Voices from Exile: Violence and Survival in Modern Maya History


Voices from Exile: Violence and Survival in Modern Maya History, by Victor Montejo (Norman, Oklahoma: Oklahoma University Press, 1999).

The legacy of the violent civil war in Guatemala persists. Most recently, the murder trial has begun for the five assassins of Bishop Juan Gerardi, bludgeoned to death on 26 April 1998, after issuing a report holding the military responsible for the 200,000 deaths in Guatemala's civil war, and a bomb exploded in the judge's backyard. 1 Still, much of the world remains unaware of the genocide directed at the indigenous people of Guatemala in the last decades. Victor Montejo gives us that history in this rich study. An Associate Professor in the Department of Native American Studies at the University of California--Davis, Montejo is a Maya expatriate and anthropologist. His own scholarly training in anthropology and a passionate commitment to his people brings both authority and authenticity to this work.
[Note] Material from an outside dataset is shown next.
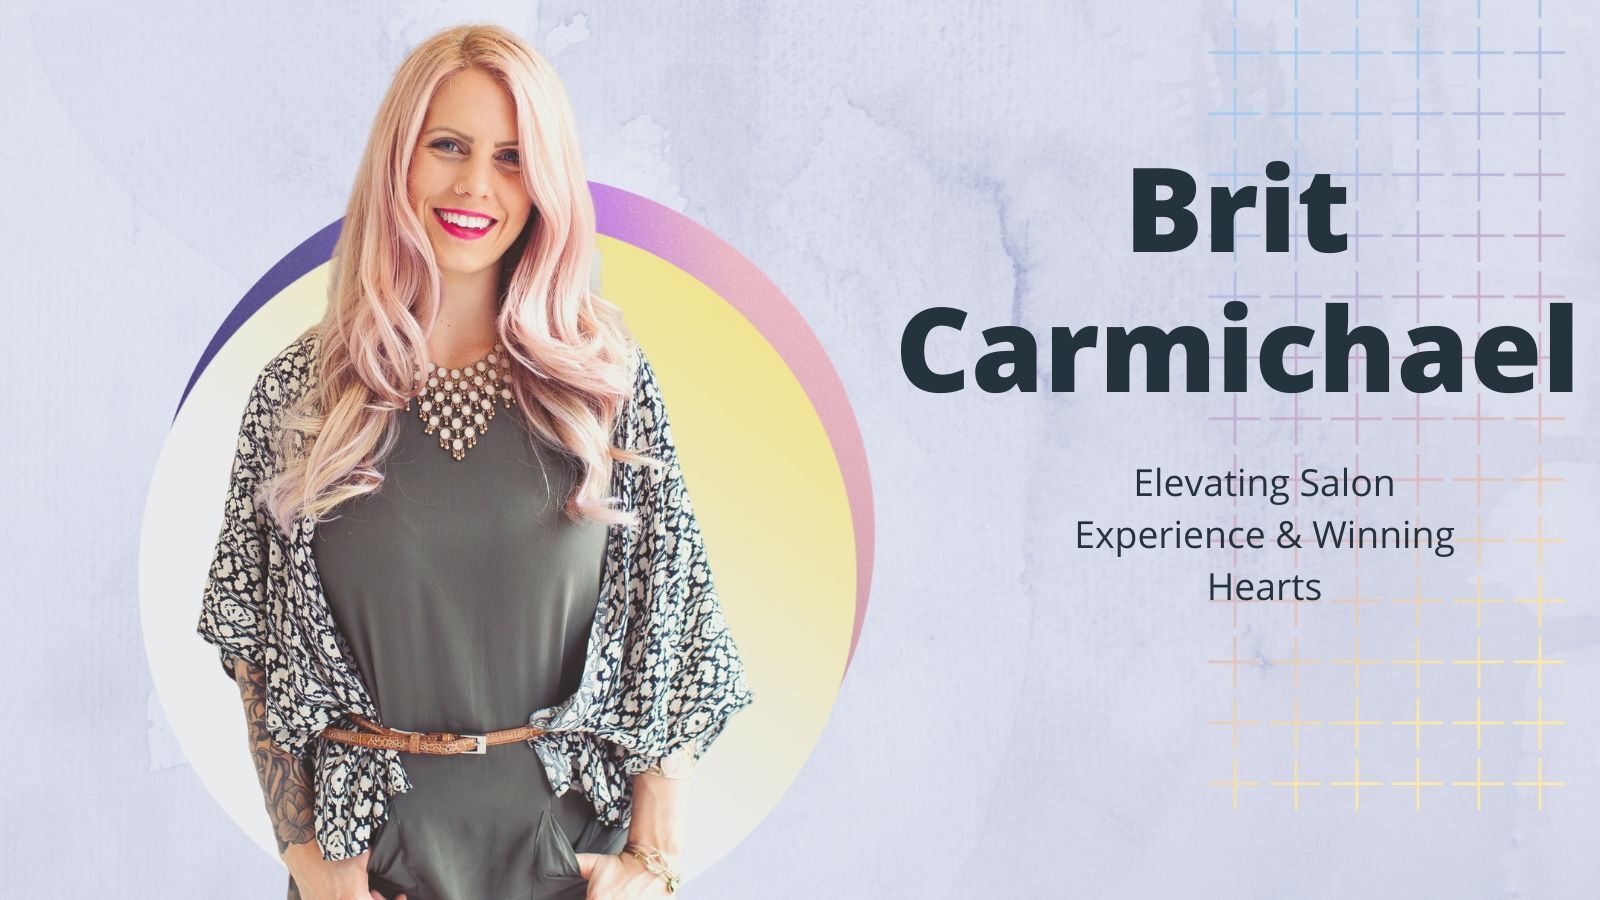 Elevating Salon Experience & Winning Hearts: The Success Story Of Brit Carmichael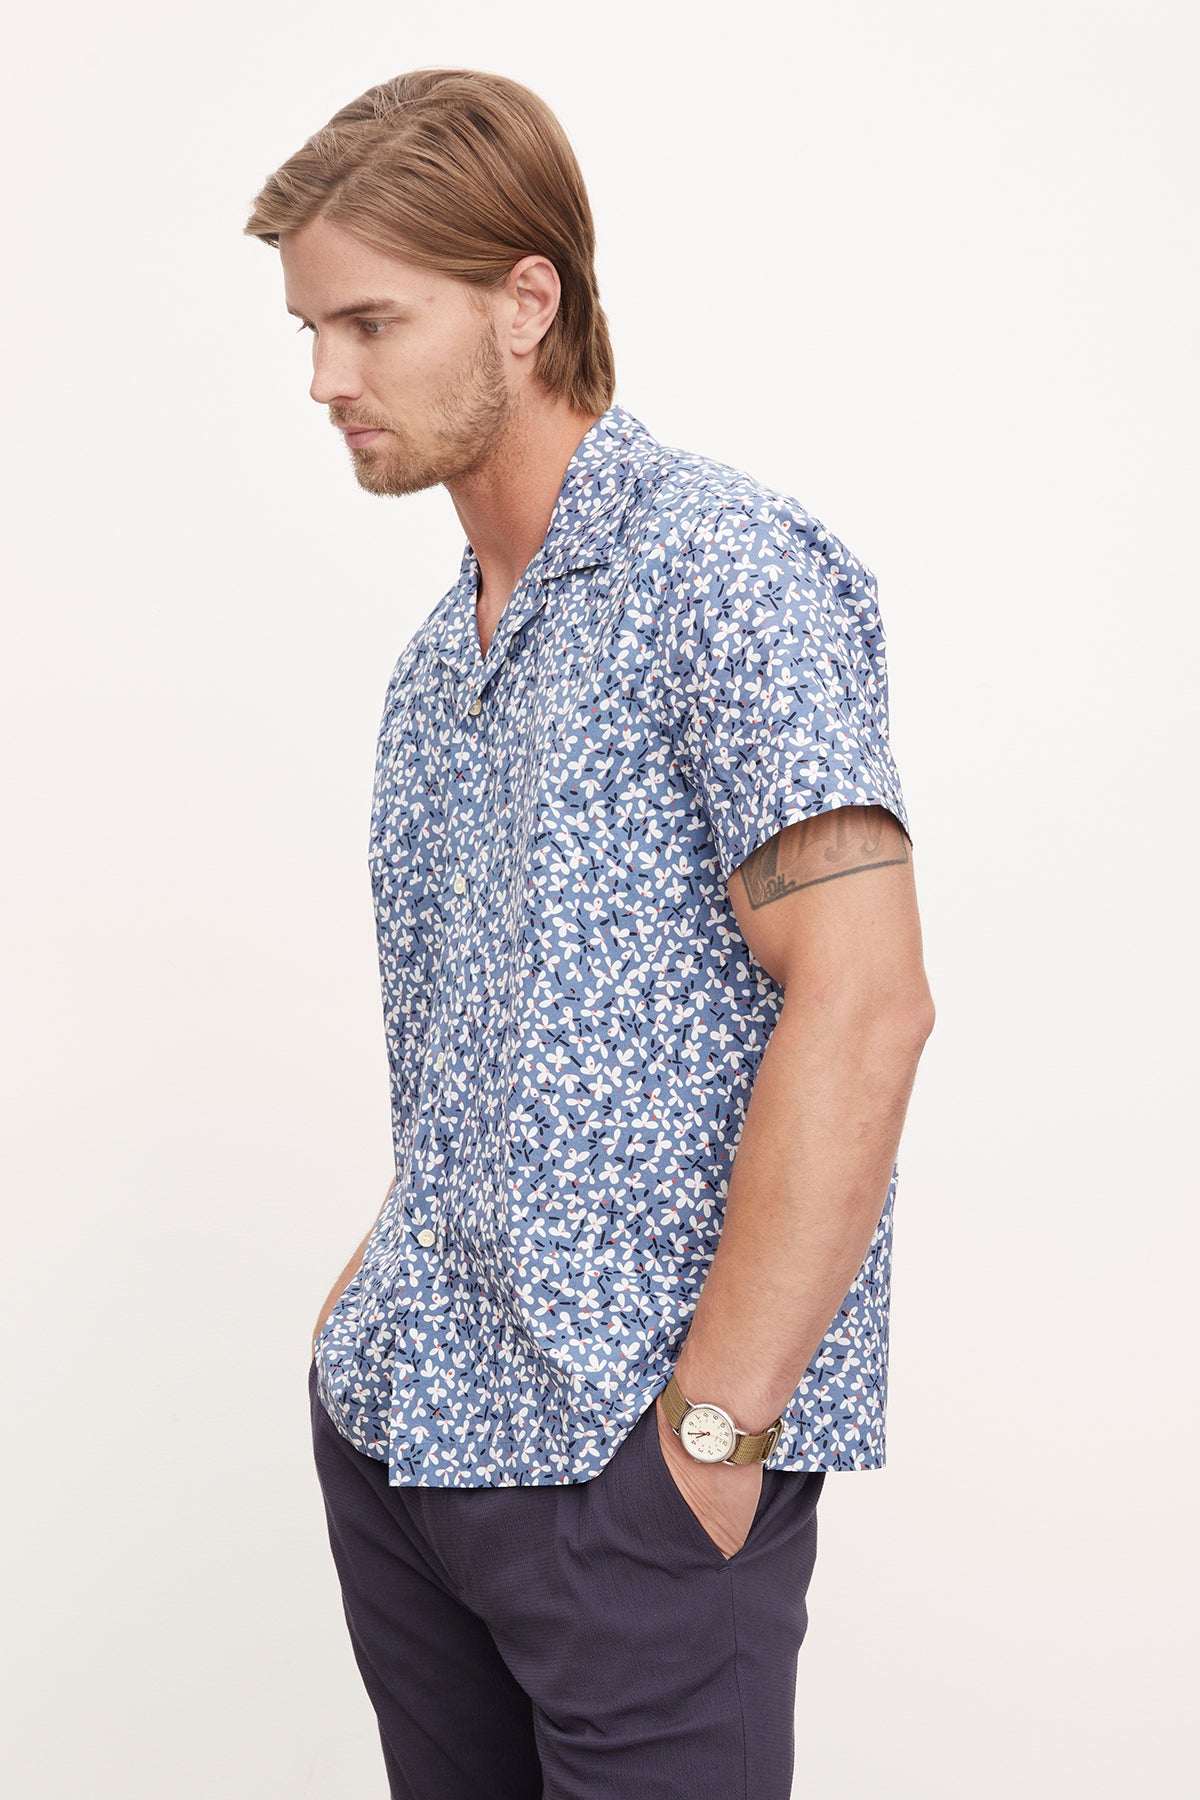 Man in a blue and white floral print Iggy button-up shirt by Velvet by Graham & Spencer and navy trousers, standing sideways, looking to the left with a watch on his wrist.-36918584836289

Montejo writes, "I have a moral responsibility to make evident to the world the plight of my people in exile." 2 Dedicated "To Those Who went into Exile," the book is a compelling account of that forced exile.

The book focuses on one group of Maya from Kuchumatan Highlands in western Guatemala that fled into Mexico in the 1980s because of government counter-insurgency programs to destroy the guerilla movement. These communities were seen to be supporting guerillas, so they were targeted: 440 communities were destroyed; tens of thousands killed; hundreds of thousands fled. Montejo was among them--as a young teacher he was forced to flee Guatemala in 1982. Raised speaking Mayan and participating in Maya ceremonies, Montejo also received a Catholic education, trained as a primary school teacher, but was forced into exile after ten years of teaching in Jacaltenango. (His wife and children left in 1984. One brother was killed in 1981; the other brother and three sisters fled to Canada.) In the United States, Montejo earned a B.A. and a Ph.D., becoming both an informant and scholar in Mayan Studies. He speaks candidly of this dual role: "I am within the tradition of Maya intellectuals and scholars, advocates of pan-Mayanism, Maya cultural revival and Maya self-representation." 3 He criticizes the field of anthropology for avoiding difficult subjects, but he takes them up himself, writing: "My task is to decolonize this Maya experience of exile and to write critically from my insider perspective about its causes and outcomes." 4 He adds that his "efforts as a Maya scholar are strongly directed toward the revitalization of Maya culture" threatened by the experiences of exile. 5 Rather than [End Page 827] compromising academic integrity, this committed scholarship brings insight, clarity and otherwise silenced voices to his work. Drawing on both experience and research, Montejo incorporates his participant/observer field work in two major refugee camps in Chiapas, Mexico--La Cienegrita and La Gloria--in the 1980s and 1992. In these trips he sought "to analyze the dynamics of cultural resistance and transformation that occurred in the refugee camps largely as a result of the of the interrelationship between several Maya ethnic and linguistic groups." 6

The resulting book, one might argue, is a collective autobiography: he uses the word, authoethnography, referring to those writing ethnographies of their own culture. In twelve chapters with detailed maps, population and linguistic charts of Mayas, and photographs of the refugee camps in Mexico, Montejo combines historical perspectives with descriptions of the militarized assaults on indigenous populations, testimonial narratives of Maya exiles, and analyses of refugee life in order to provide the reader with a complex and informative account of the Guatemalan exiles in the last decades.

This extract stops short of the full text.